— Required work —
Drop every image, then reproduce the data exactly as given.

— Data section —
=== Begin Enclosure ===

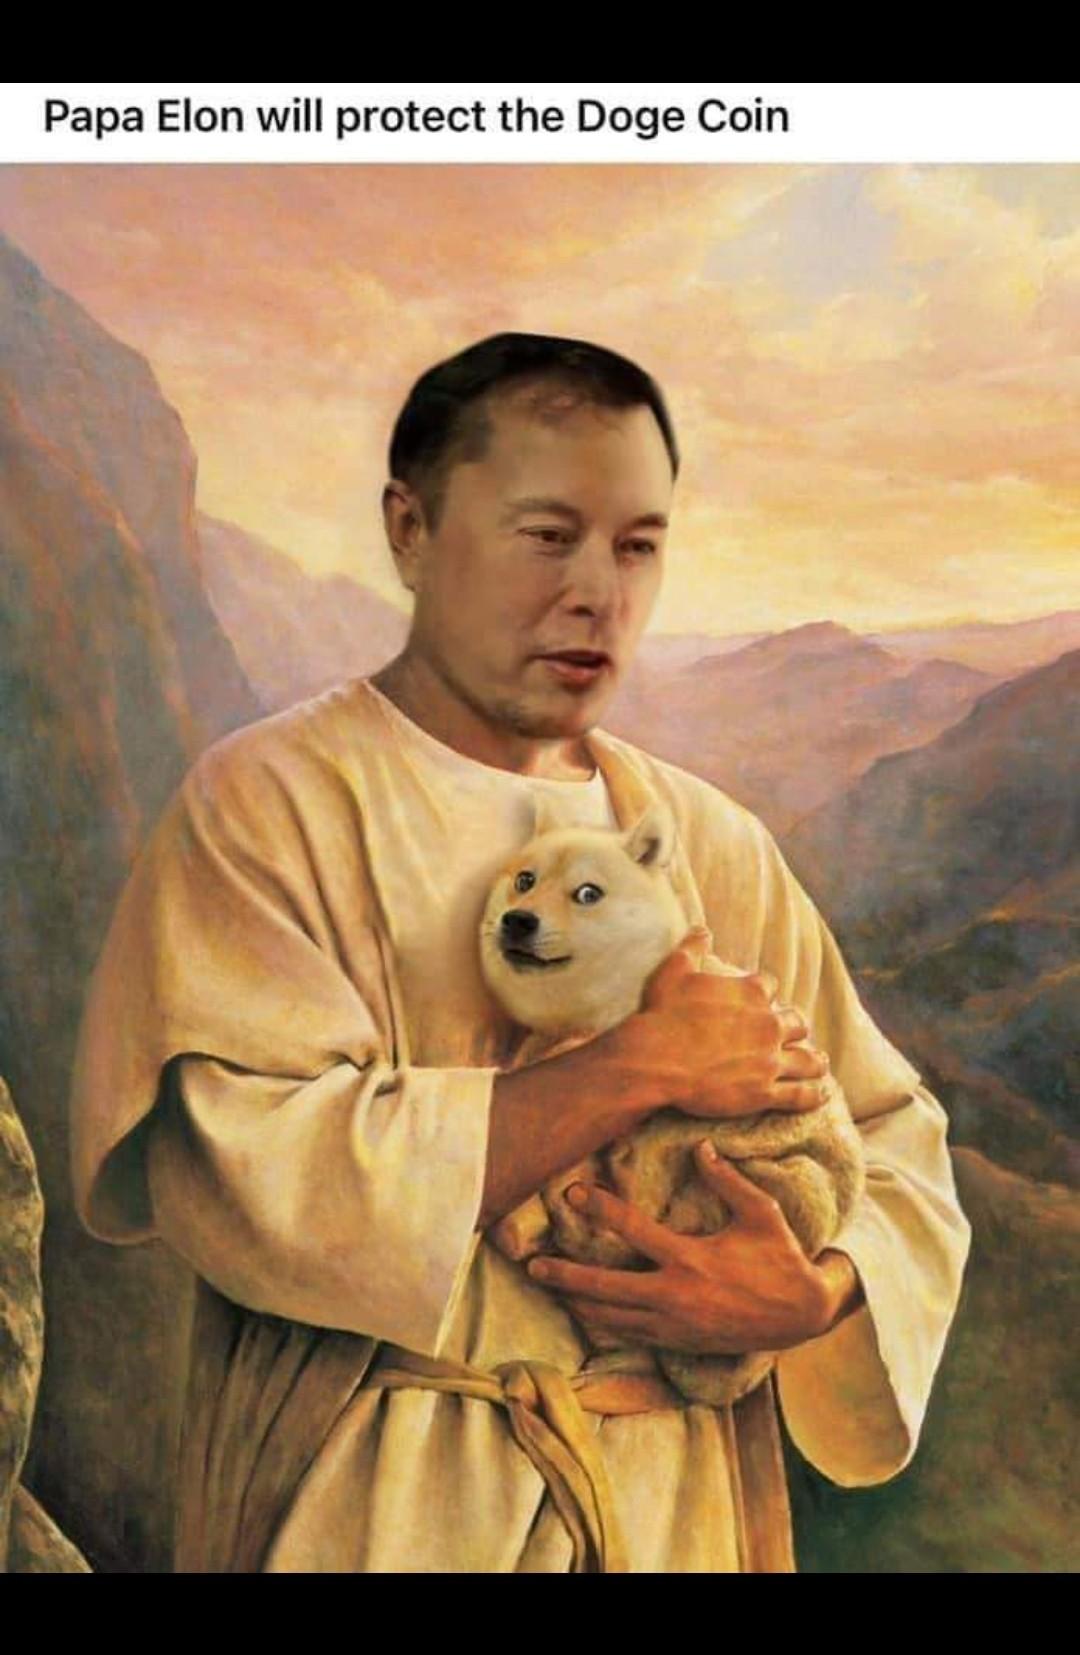 Dogecoin - meme
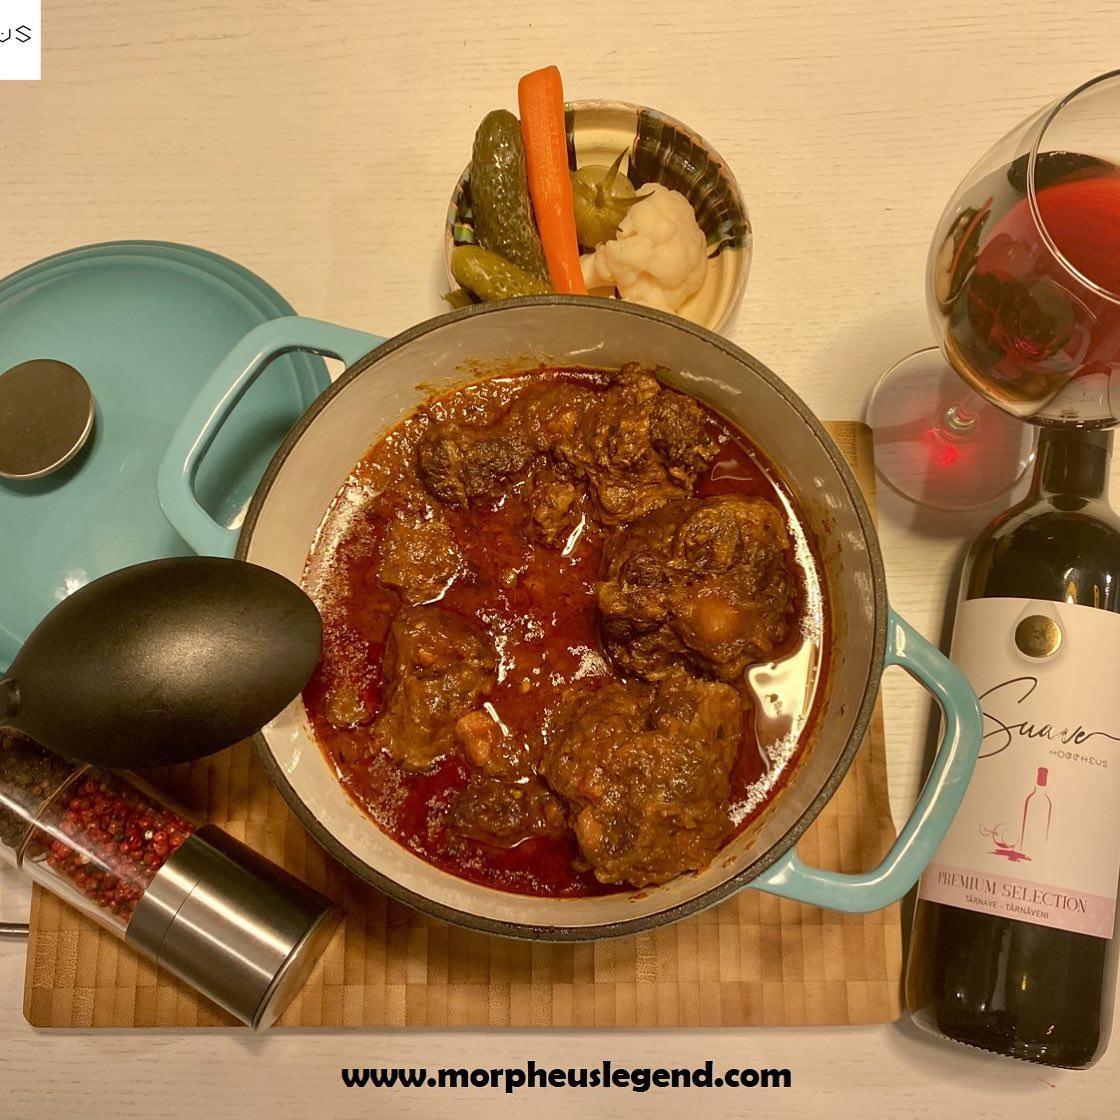 Tocana andaluza din coada de vitel asezonata cu vin rosu sec, Suave by Morpheus
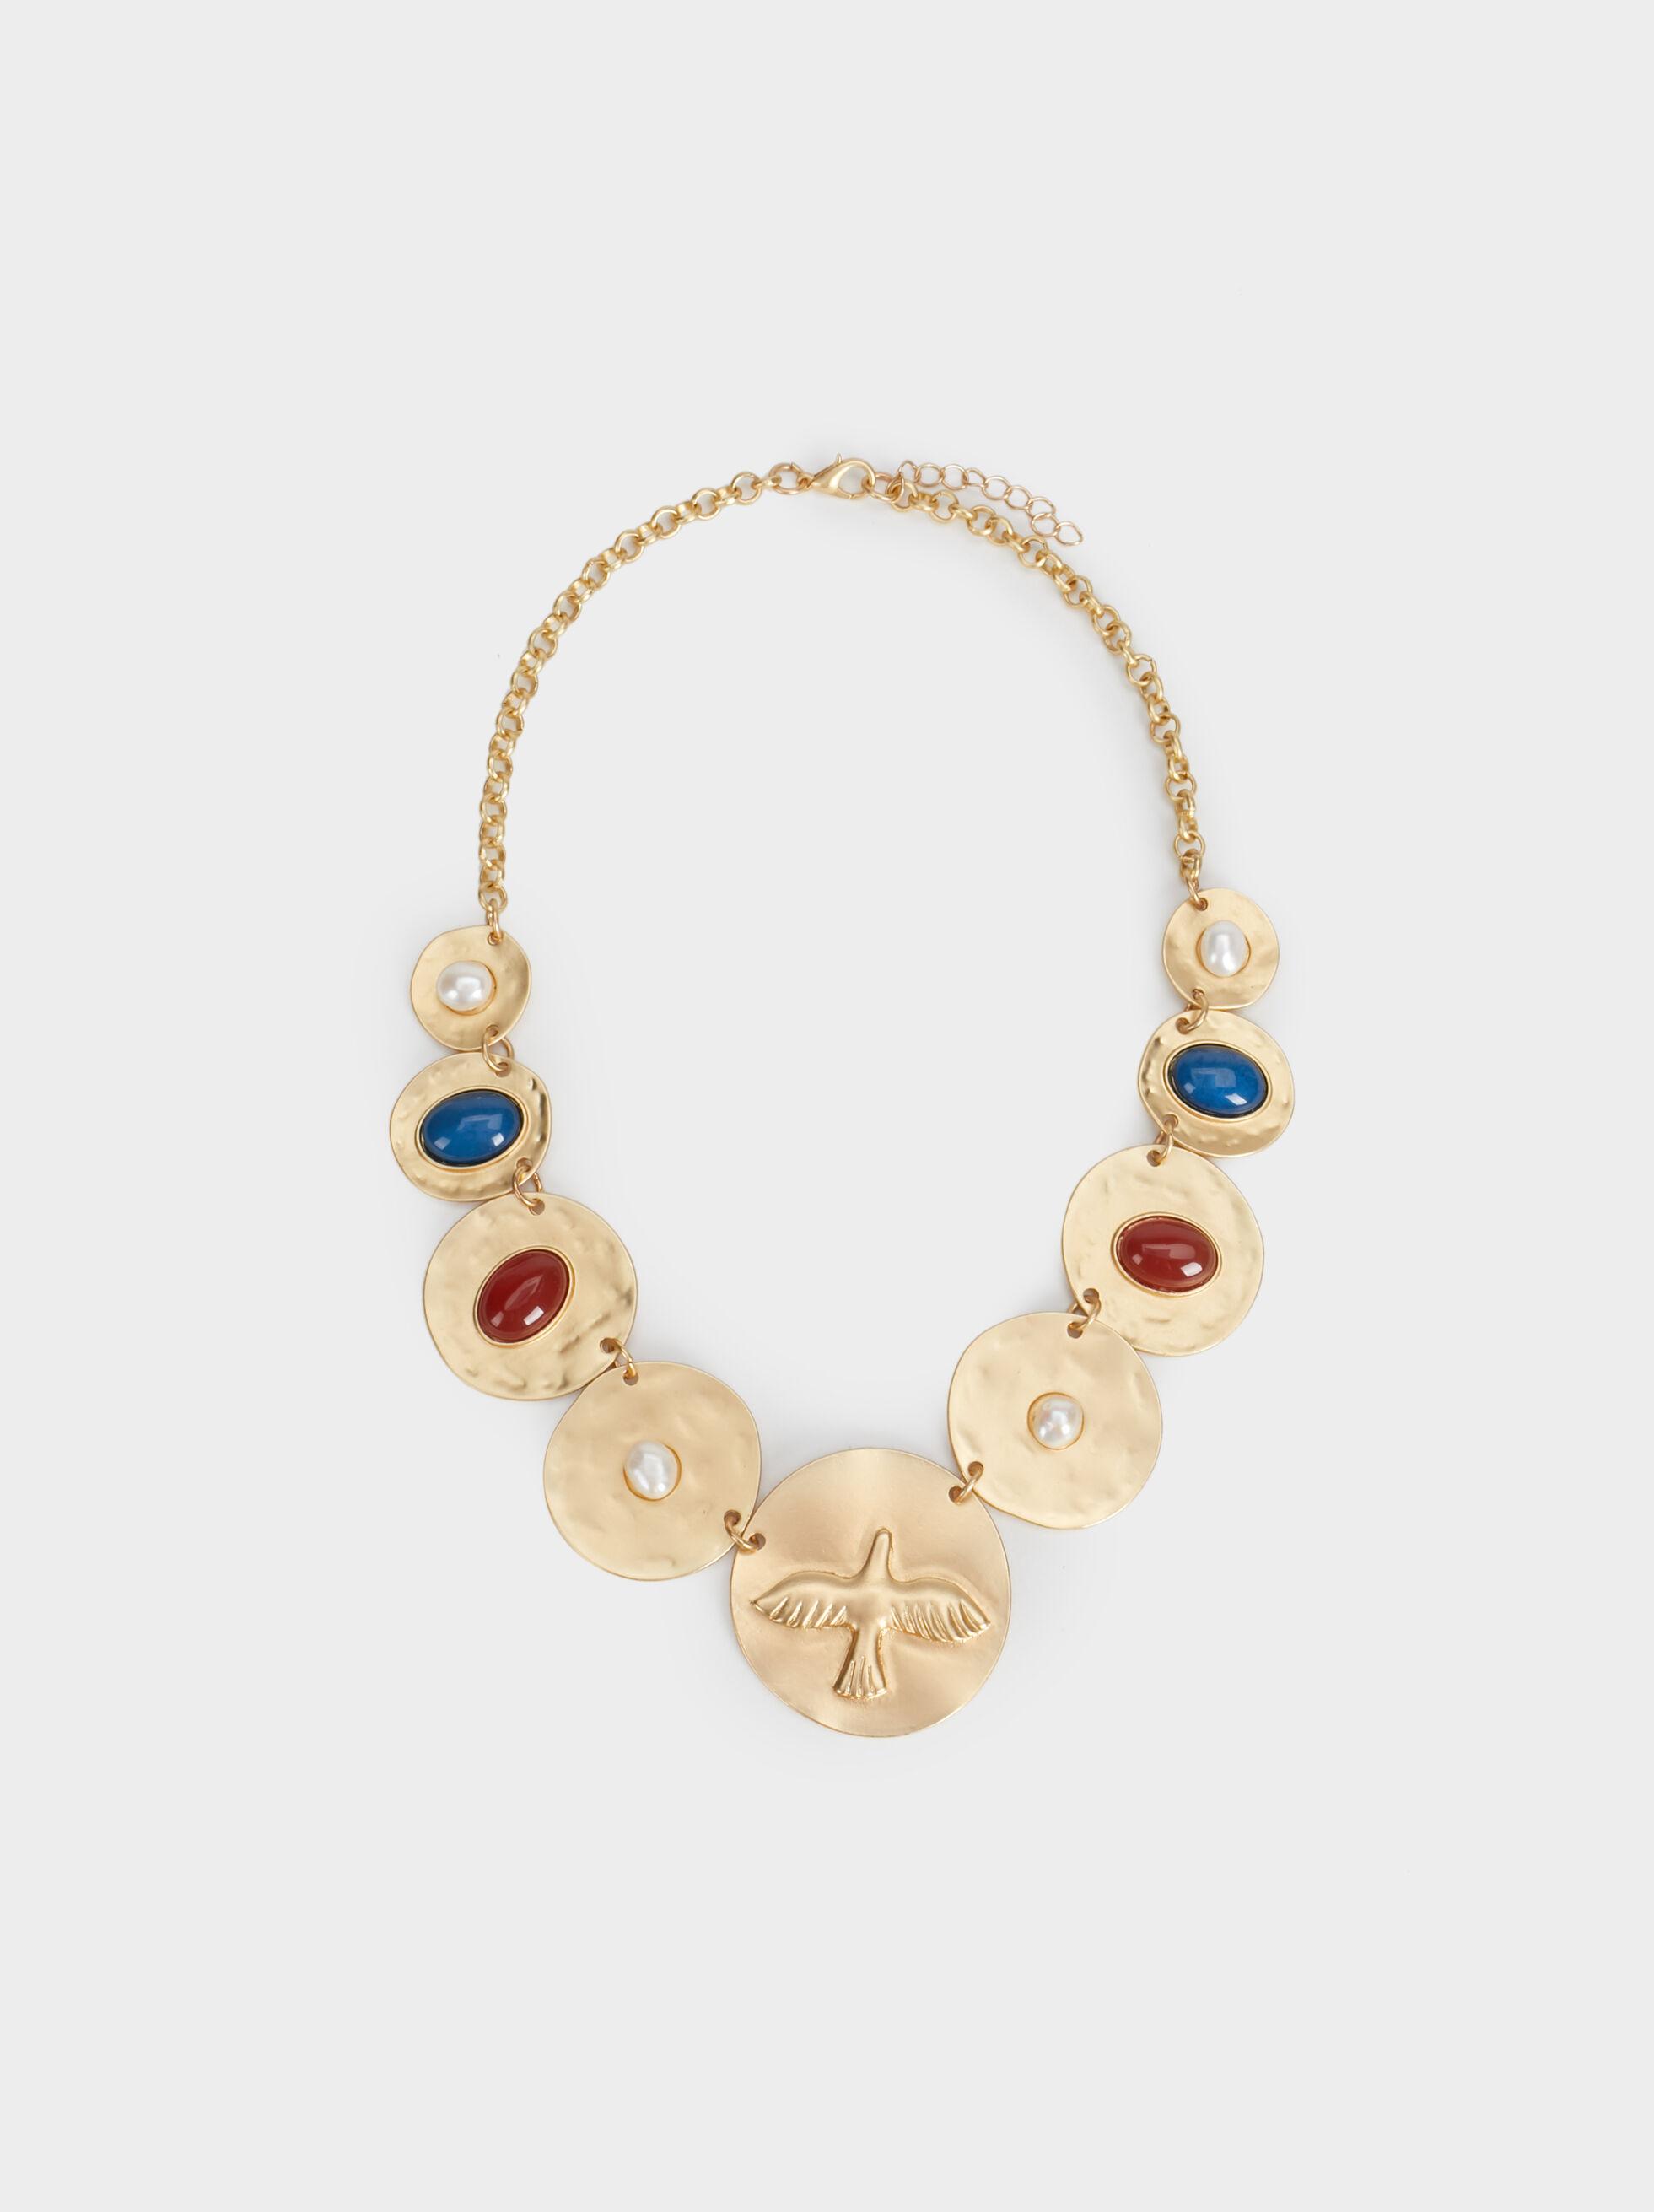 Zorba Short Necklace With Medallions, Multicolor, hi-res

=== End Enclosure ===

— Output of the task —
 Dogecoin - meme
 Tocana andaluza din coada de vitel asezonata cu vin rosu sec, Suave by Morpheus
 Zorba Short Necklace With Medallions, Multicolor, hi-res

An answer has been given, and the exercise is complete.